Nobody ever looks happy when they’re riding subway trains,
but I try to appear that way, smiling towards every cute girl
stepping on warily after waiting on factory line platforms.
I fall in love with most of them immediately, especially those
who smile back and keep smiling, even in clouded confusion.
Maybe it’s odd then to be foreign and friendly on subway trains,
and that’s why we all sit in shunned silence, as if on our way
to our own fast-tracked funerals at one-hundred miles an hour,
our bullet-shaped hearse cuts contoured coffin holes through Chicago,
through nestled neighbourhoods painted in different shades.
But the subway trains are always grey, will always be grey.
I come to like waking fully on coffee-substitute subway trains,
watching morning life pass in a blur through stained windowpanes,
seeing the ramshackle houses on north-side still standing somehow.

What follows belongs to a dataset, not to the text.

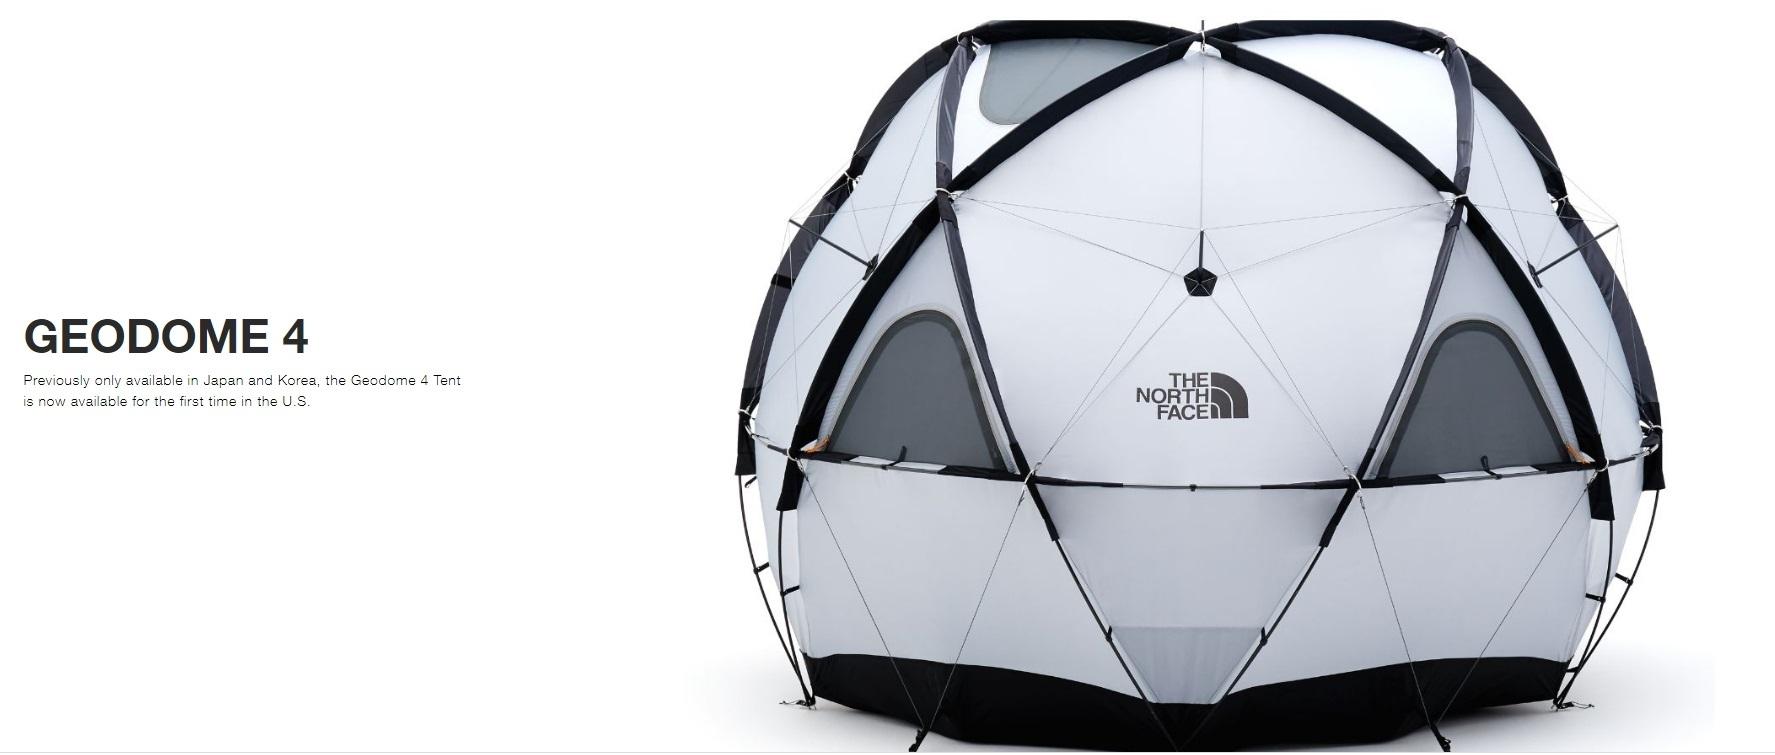 ジオドームという美しいテント_b0078651_20443305.jpg

Shaking each time we pass them by, their winding wooden stairs
wobbling like arthritic limbs as the L-strain splinters aged railing.
I read books and I listen to music when riding on subway trains
to soundtrack and compliment rainbow shimmers on the pale knees
illuminated on the woman across for me, though she’s unaware
of my eyes, of the sun-glow on her thighs, a victim of subway seclusion
which numbs the minds of all those onboard and headed north
Wrapped up in [A->B] life on the Red Line.
I see the same people across three days on the same subway train
who are all oblivious to their fellow commuters, carried towards
their jobs, their homes, their local grocery store once more.
They share the rocky ride inside private bubbles, and I think:
“What if we talked? What if the commuters communcicated?”
Maybe they’re deterred by the occasional drunk on the subway train,
who spews golden ale gibberish about Chipotle and Christ again.
“The end of days are near, eat tacos” – the subway doesn’t give a shit.
Once I see a homeless man piss through the doors onto the platform
And note: ‘At least he waited until we stopped.’ A strange thought.
The smell of piss still lingers regardless though.
I think that we’re all desensitised and diminished on subway trains;
we’re all going where we need to be and entering the void inbetween.
My neat notes soon fade to grim-nothing scribbles entering the suburbs,
and my stare becomes vacant when looking out at the passing world.
My carriage becomes my perpetual prison, punctuated by coughs.
Through the haze comes the croak of the announcer on the subway train
reading like a robot the names of places I’ve never been, nor will ever go.
A lament to missed opportunities sealed off by metal barricade doors.
After a while my watching eyes turn downcast towards the floor,
waiting for eventual arrival, eventual dismissal, escape and release.
Release from the confines of the cage of the subway train.